Furthermore, A new report from the International Monetary Fund says global use of fossil fuels costs taxpayers and consumers $5.3 trillion a year. The report comes amid a rising call for companies and pension funds to divest themselves of fossil fuels. On Friday, Norway's Parliament declared it would begin divesting the nation's $890 billion pension fund from coal. The IMF report calls this huge figure a “subsidy,” a term some economists take issue with. A subsidy typically refers to direct financial governmental support or specific policies, like tax breaks, that underwrite the production and consumption of a certain product — in this case, fossil fuels such as oil, coal, and gas.

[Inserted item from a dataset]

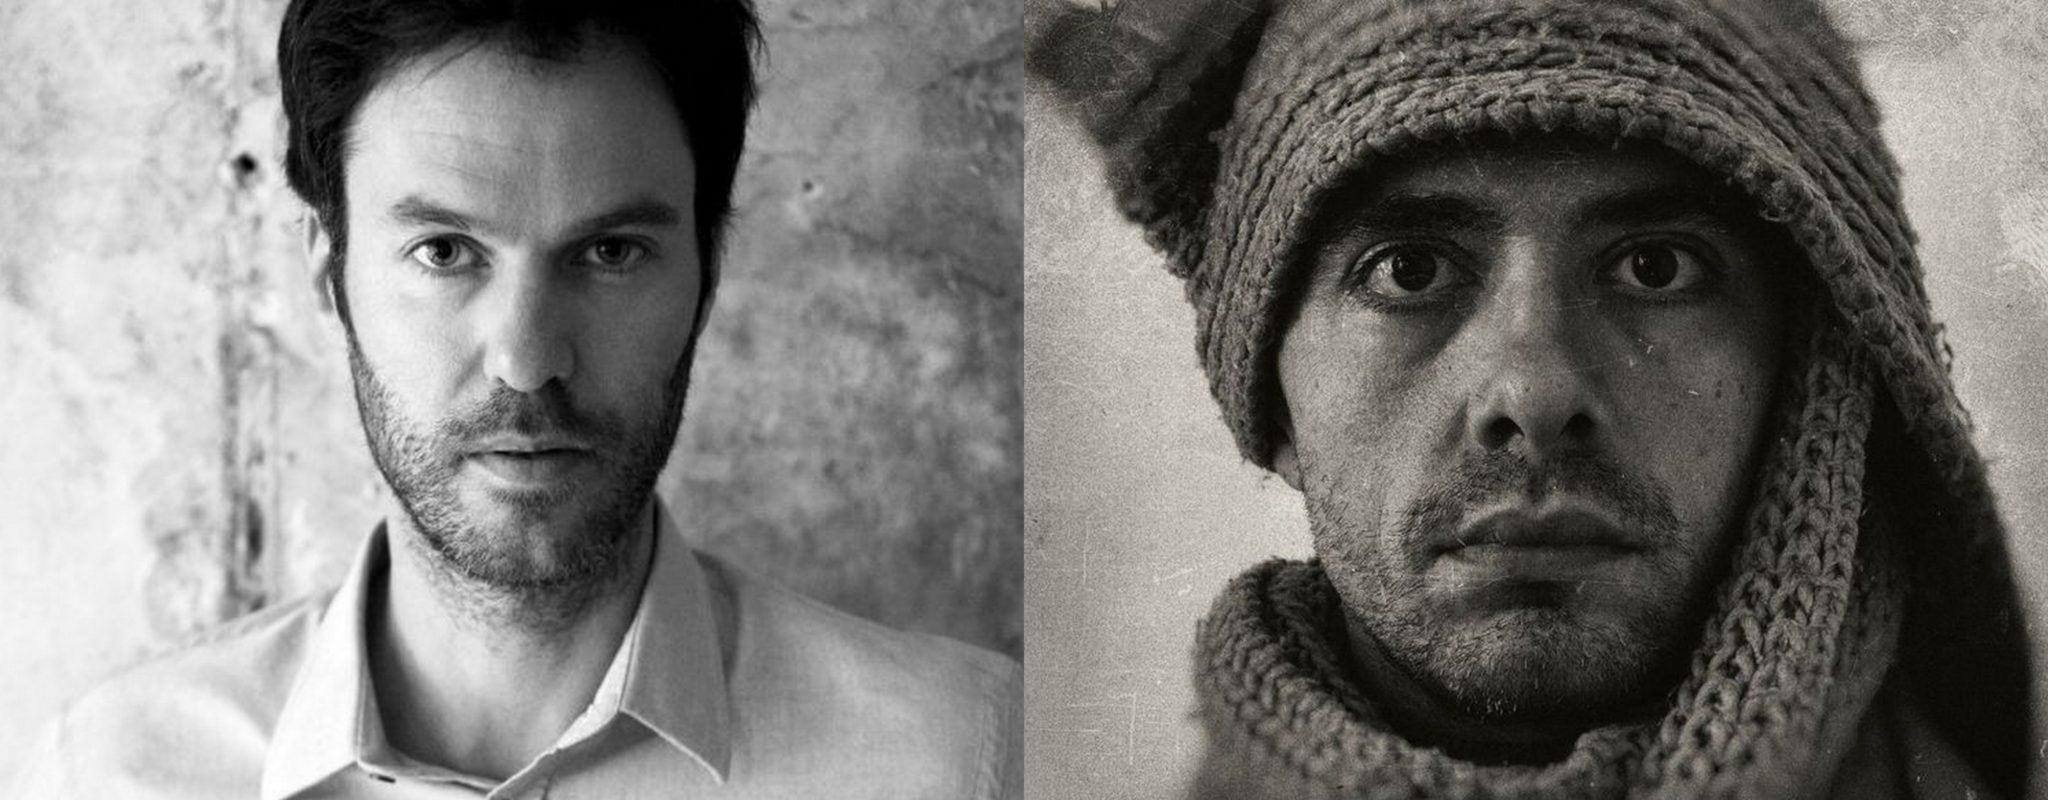 Concert création de Piers Faccini et Gregory Dargent au Cheval Blanc samedi : sublime voyage en perspective
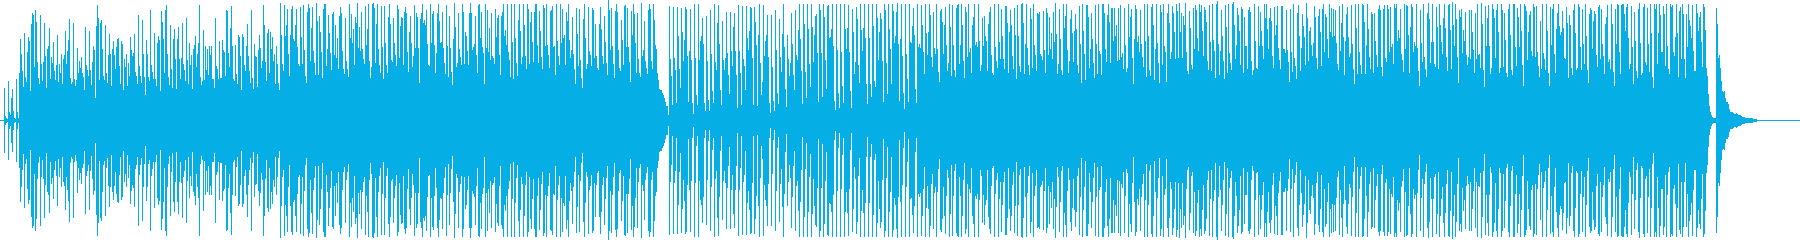 ハッピーな森のお散歩♫行進ポップの再生済みの波形

But the IMF report looked at the overall benefits and harms of fossil fuel use, factors that economists typically put into a separate category called "externalities," and classified these, too, as subsidies. These include such things as increased economic activity, damage to public health and the environment, and the amount of money unavailable for investment in other community goods due to hidden costs. “A number of people will argue maybe we should not add these things up,” says David Coady, a division chief at the Fiscal Affairs Department of the IMF and one of the authors of the report. “But from an economic perspective, we say, conceptually, the true cost is the true cost. The reason we don't face the true cost is there's no market for these damages.” The main focus of the report, Coady says, is to compare the cost that people pay for fossil fuel-based energy to the cost that they would pay if they calculated the true cost of the damage done by their consumption — for example, the local damages related to having particles in the air, breathing problems, health-related problems that are believed to increase the mortality rate or just lower quality of life.